Below are some records. Retype exactly the lines from the one containing "Search Console(旧)" through the one containing "Группа ВК Азамата Аленова(Azamat Alenov)", both included, skipping every picture.

*DATA FOR PROCESSING:*
◇ ◇ ◇ ◇ ◇ ◇ ◇

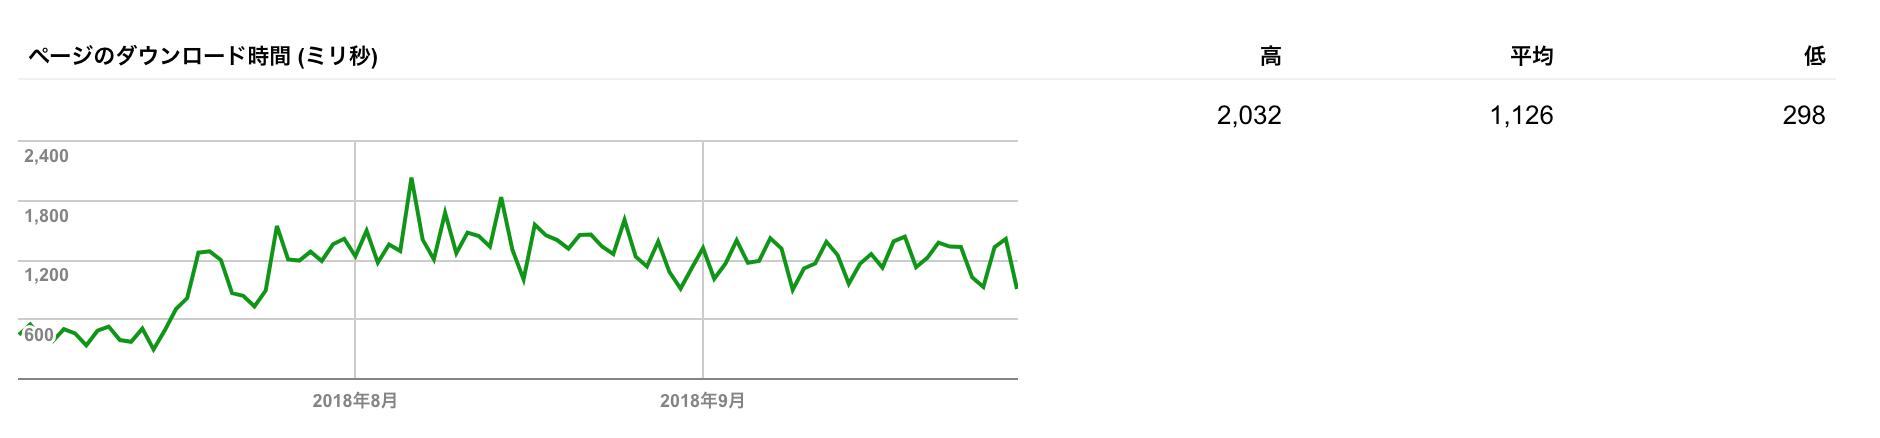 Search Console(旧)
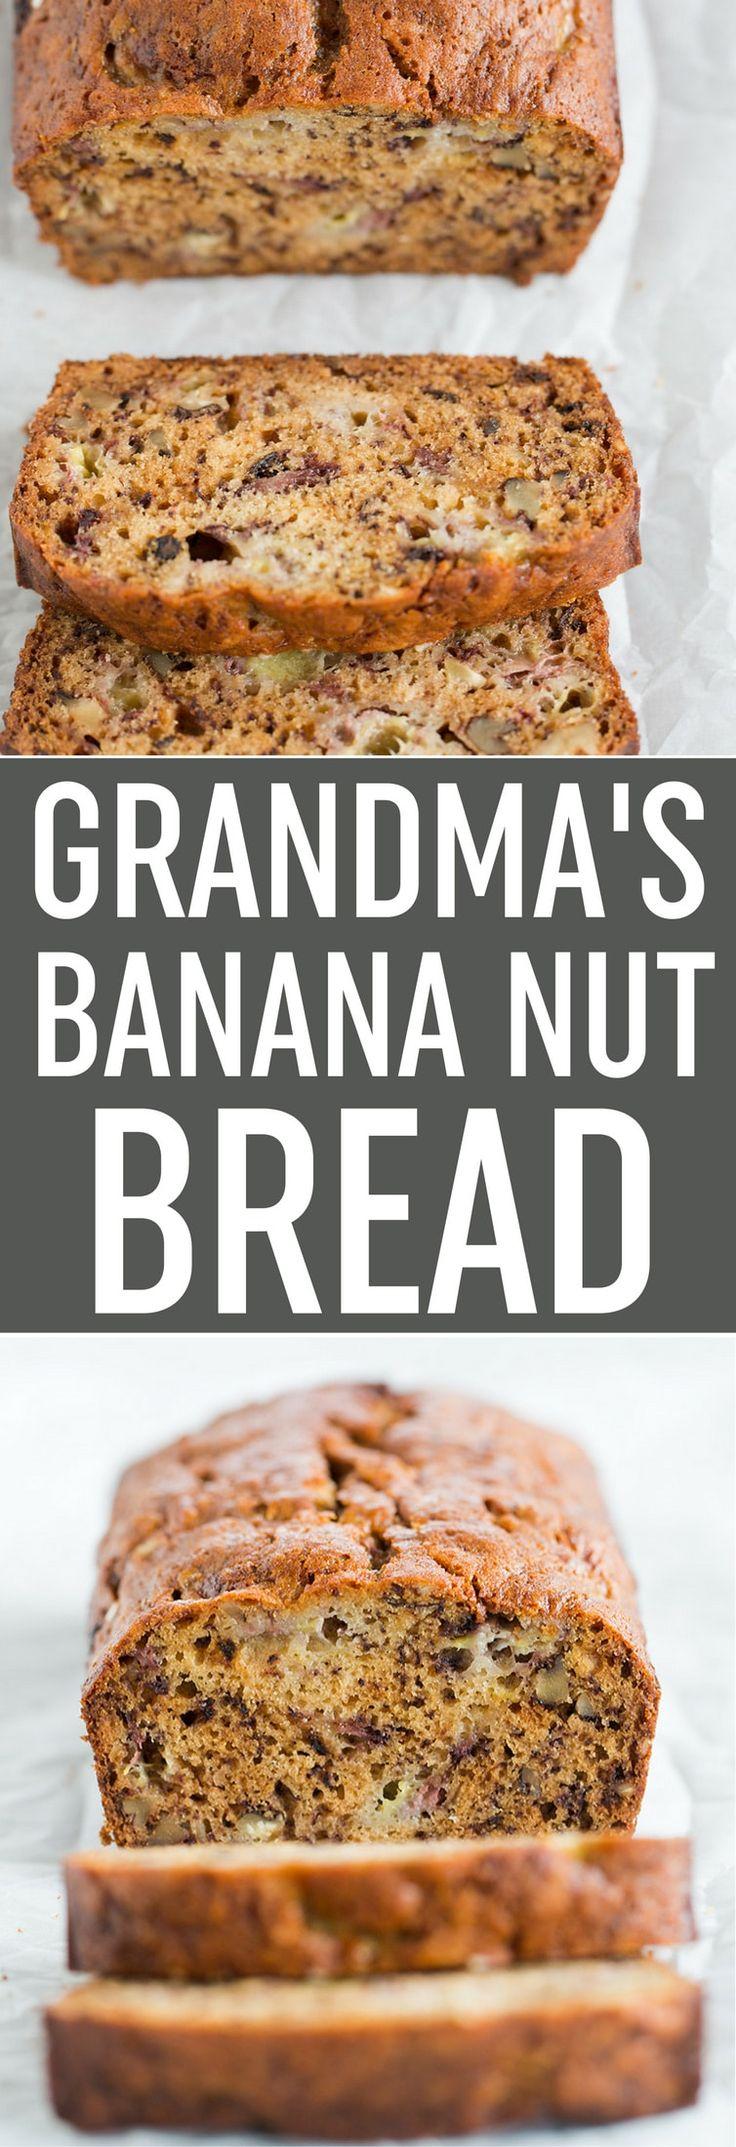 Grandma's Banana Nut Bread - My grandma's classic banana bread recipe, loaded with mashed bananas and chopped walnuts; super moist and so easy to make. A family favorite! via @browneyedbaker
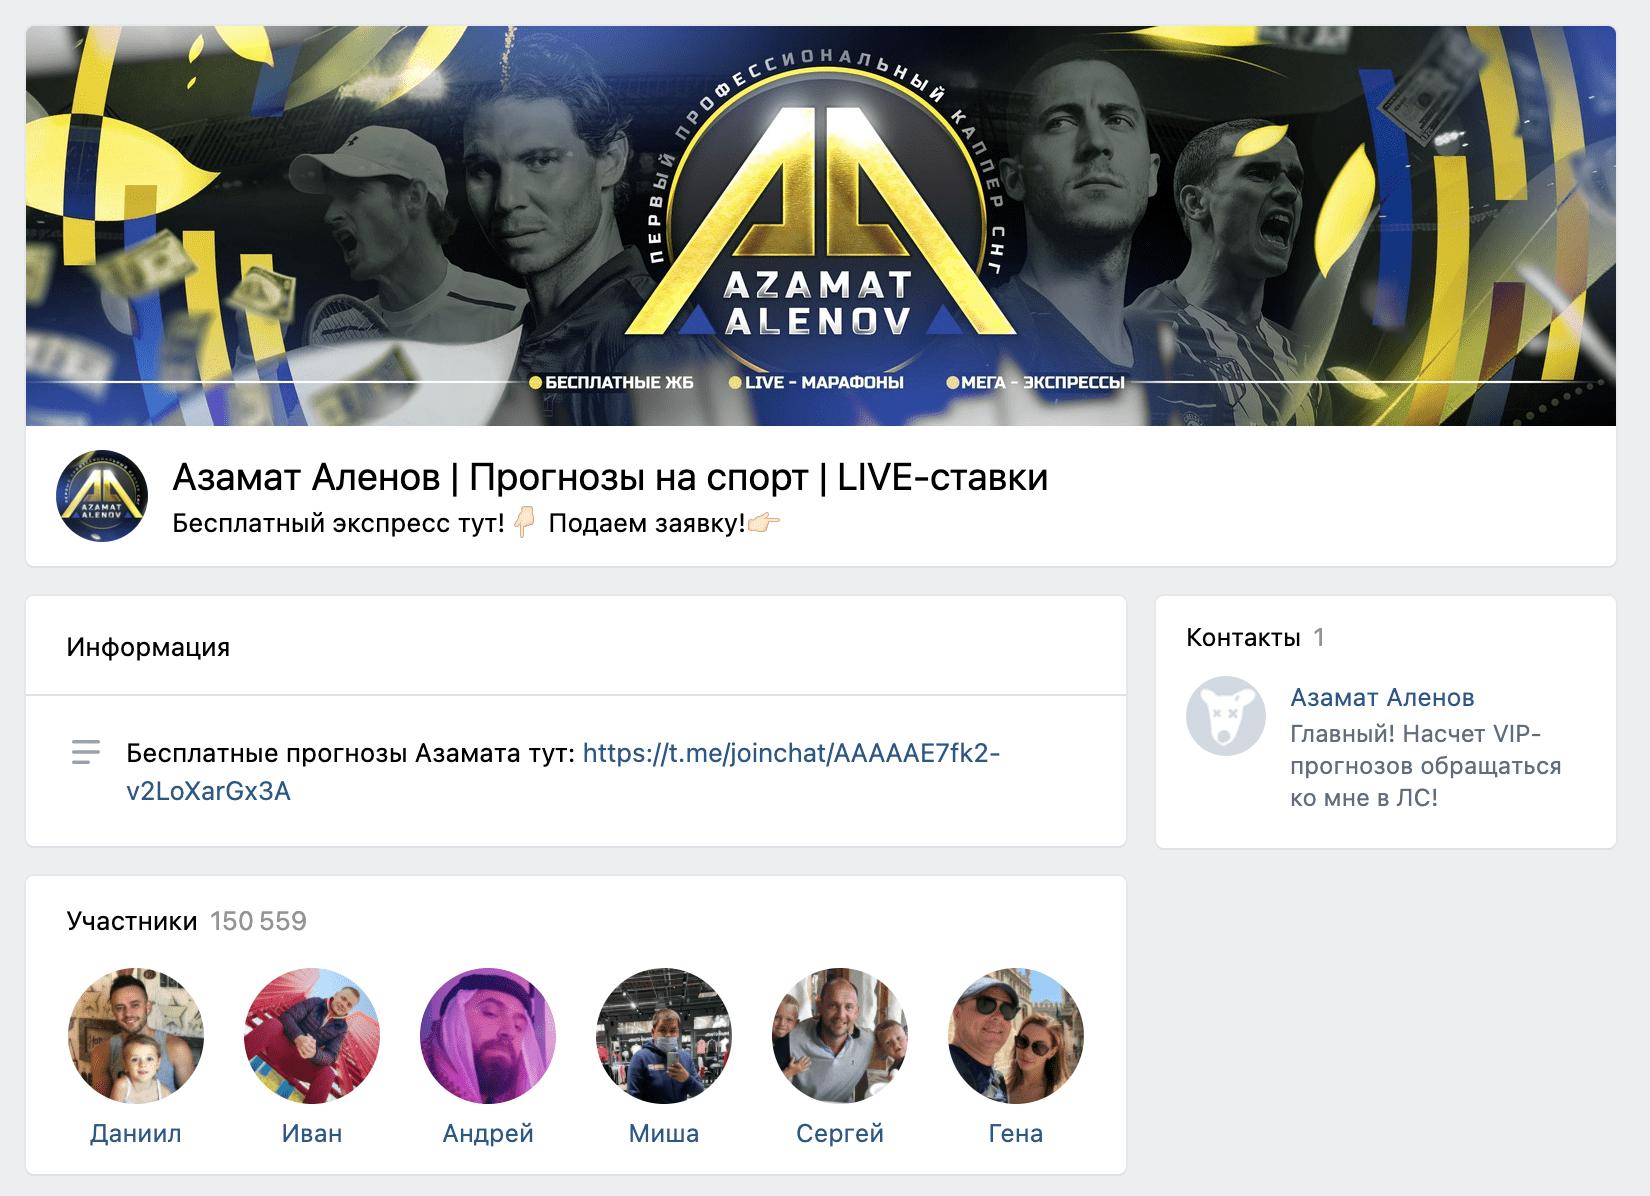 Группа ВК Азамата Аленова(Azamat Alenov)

◇ ◇ ◇ ◇ ◇ ◇ ◇

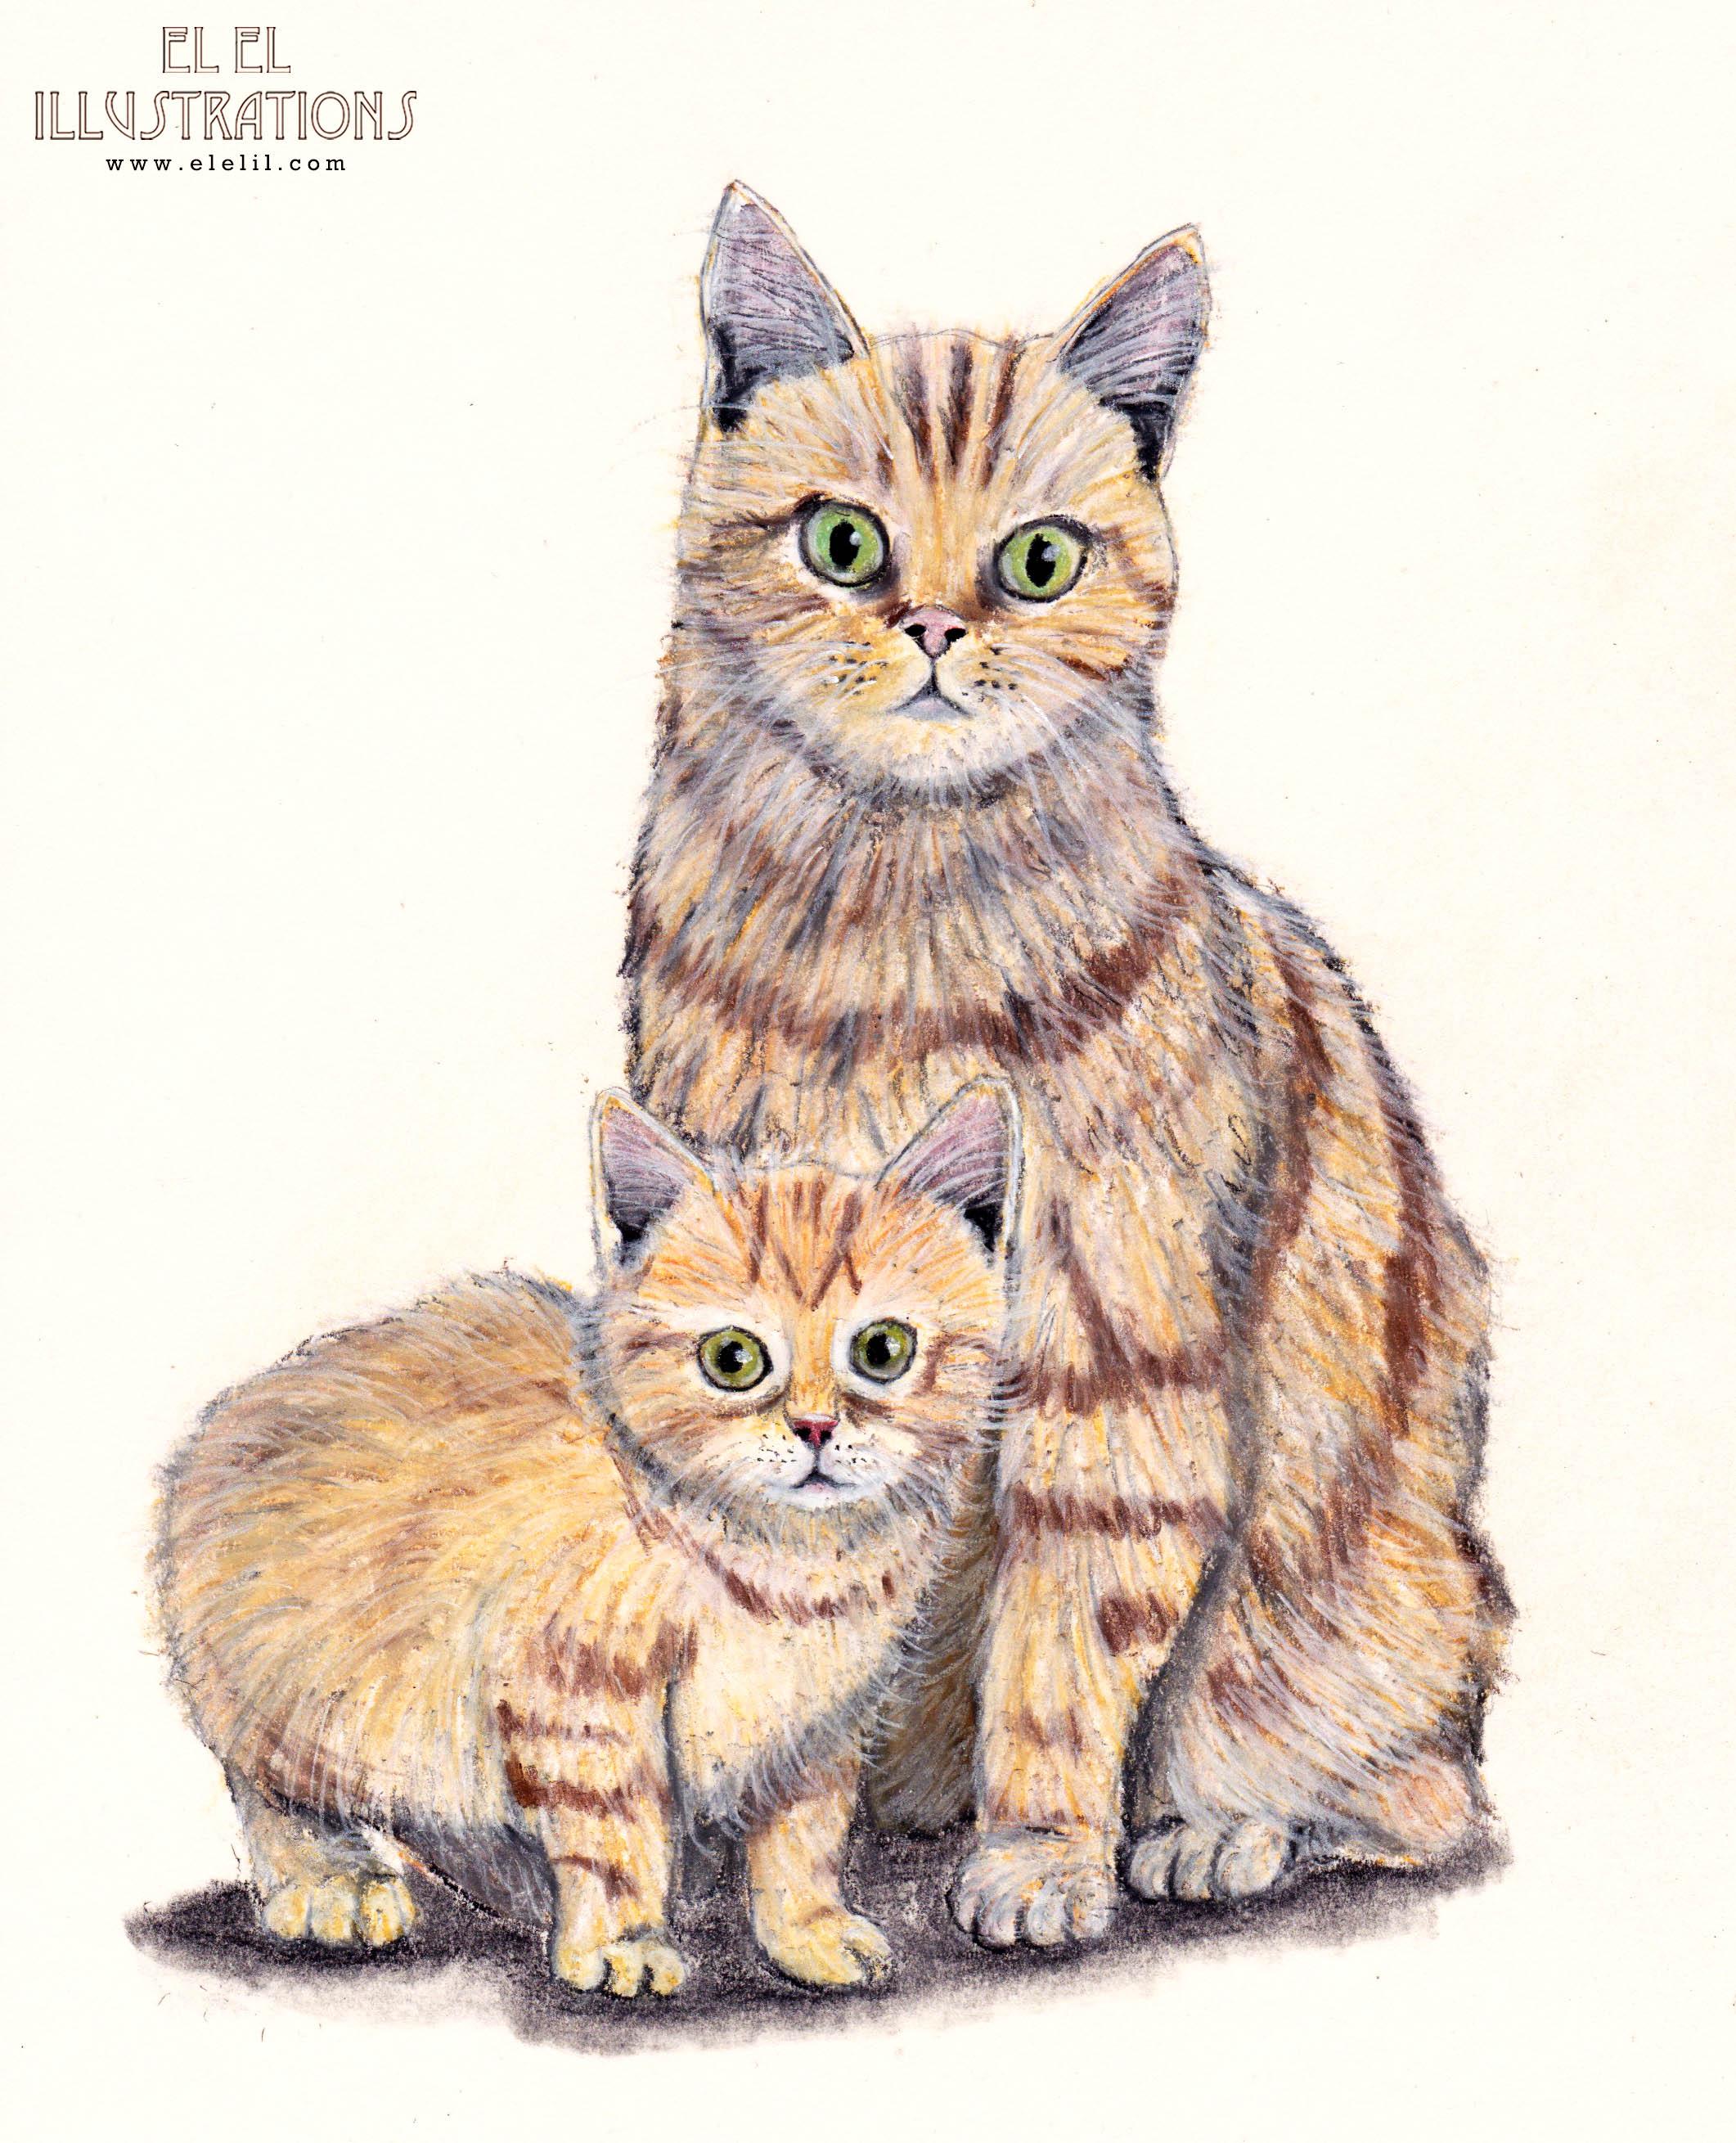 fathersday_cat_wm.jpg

◇ ◇ ◇ ◇ ◇ ◇ ◇

*TASK RESPONSE:*
 Search Console(旧)
 Grandma's Banana Nut Bread - My grandma's classic banana bread recipe, loaded with mashed bananas and chopped walnuts; super moist and so easy to make. A family favorite! via @browneyedbaker
 Группа ВК Азамата Аленова(Azamat Alenov)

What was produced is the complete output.